Eric had long assumed it was a story he would take to his grave.  But as he neared his eightieth birthday, the memories were strengthening, getting more vivid.  He could barely remember what he did the day before or when to take his blood pressure and cholesterol-fighting medications, but what transpired on a warm June night in New York became crystal clear, though it was six decades ago.   For the first time in his married life, he yearned to tell his dutiful, faithful wife what had happened.  He had participated in the Stonewall riots.  Before he married, had children and embarked upon a semi-successful career at the bank, he had been, once, at the forefront of history.

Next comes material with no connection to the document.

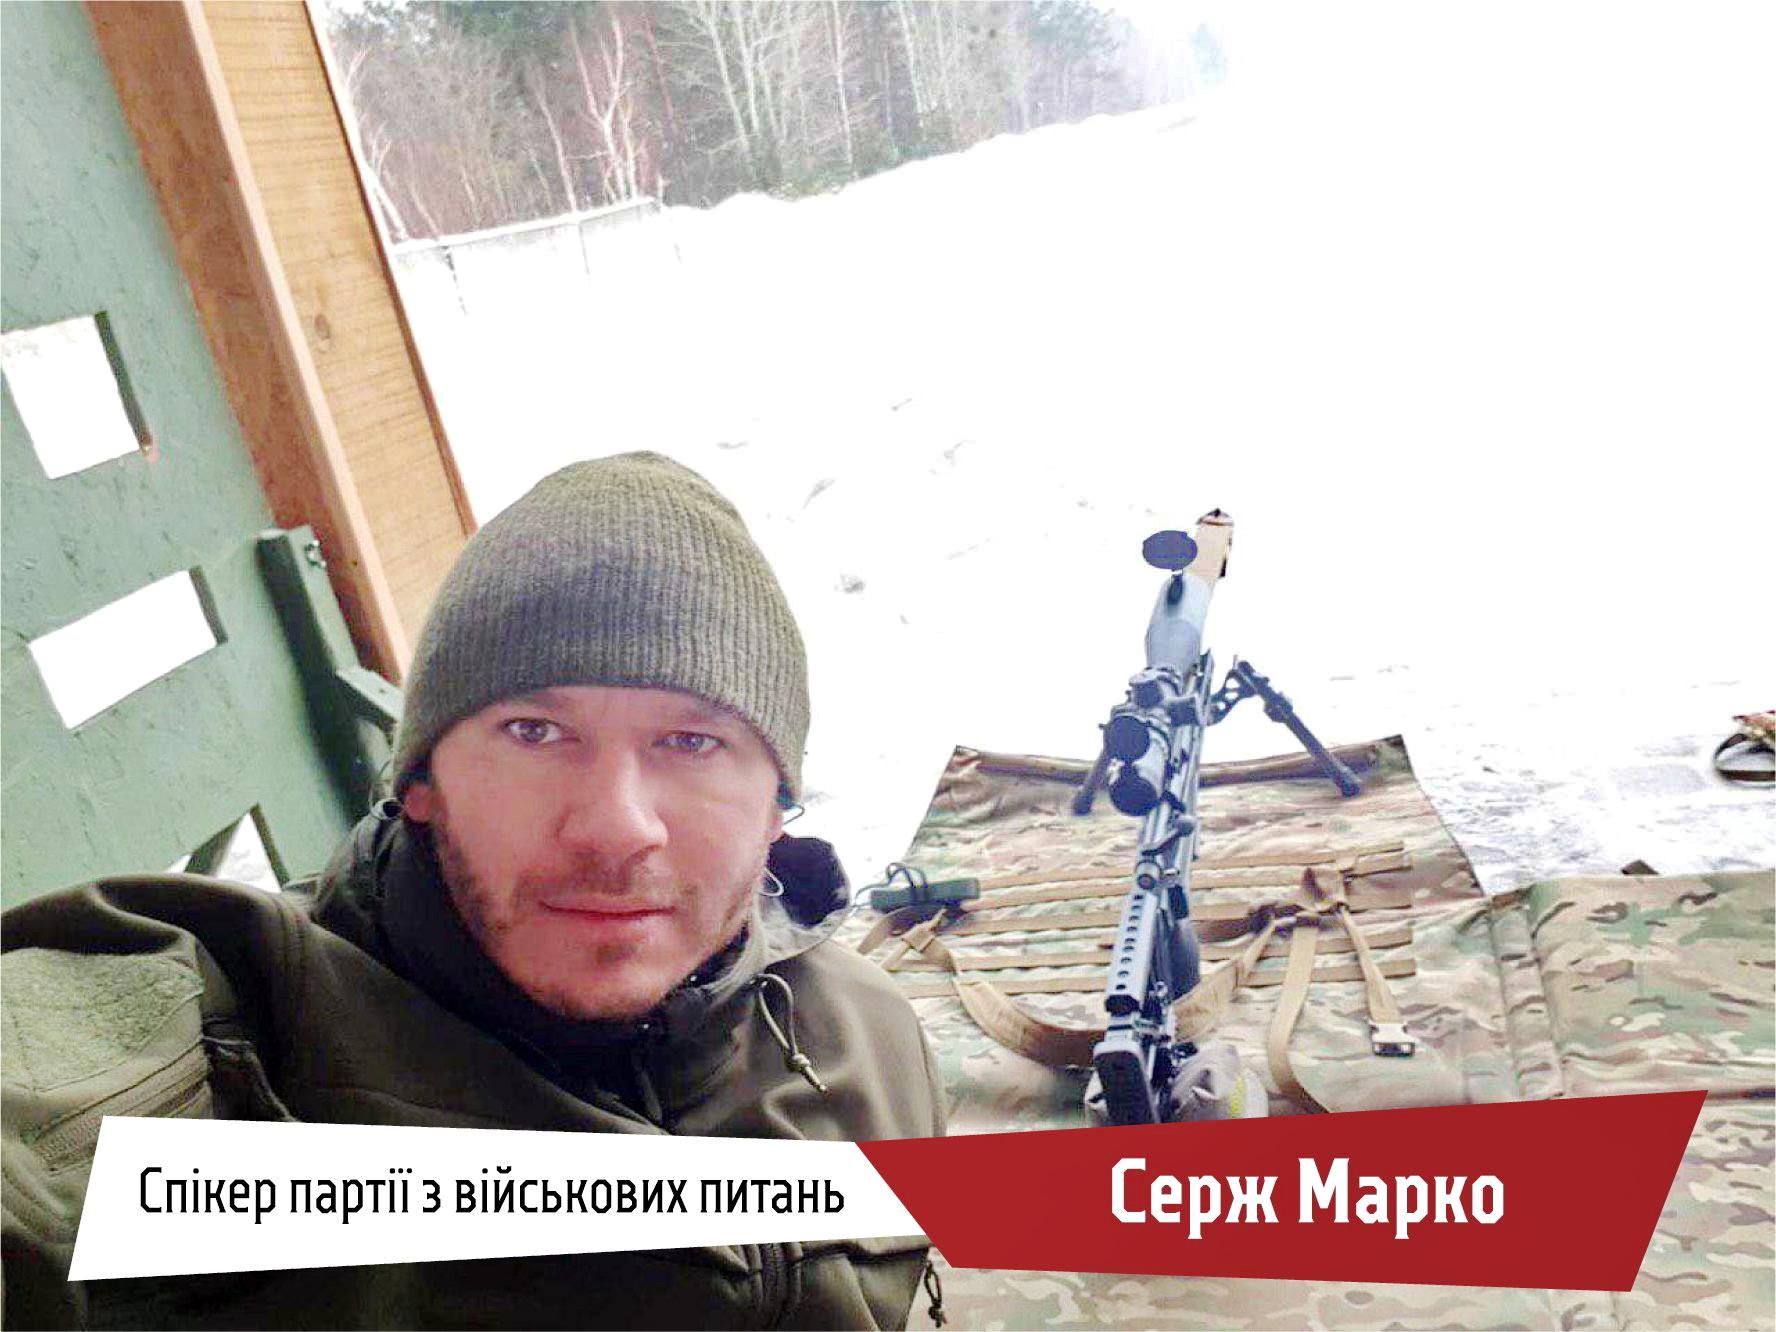 Немає ніякої економічної блокади Донбасу, є питання тимчасової заборони переміщення вантажів, - Кучма - Цензор.НЕТ 5135

It’s June 1969, and he’s wearing a pale yellow, plaid, button-down shirt and a pair of ripped dungarees, the only clothes he owns.  He has unruly black hair and a youthful, androgenous look that attracts wealthy and dangerous men.  At sixteen, he’s already streetwise, with all that entails, living on the dirty, rubbish-filled streets of Lower Manhattan with the other vagabonds.    He’s found salvation in a place called the Stonewall Inn, where they accept him, even cherish him, despite his ungodly attractions.  When he was kicked out of his house by his knife-wielding father after he was caught with his mother’s dress two years earlier, he couldn’t have imagined that he could still find Paradise in this world.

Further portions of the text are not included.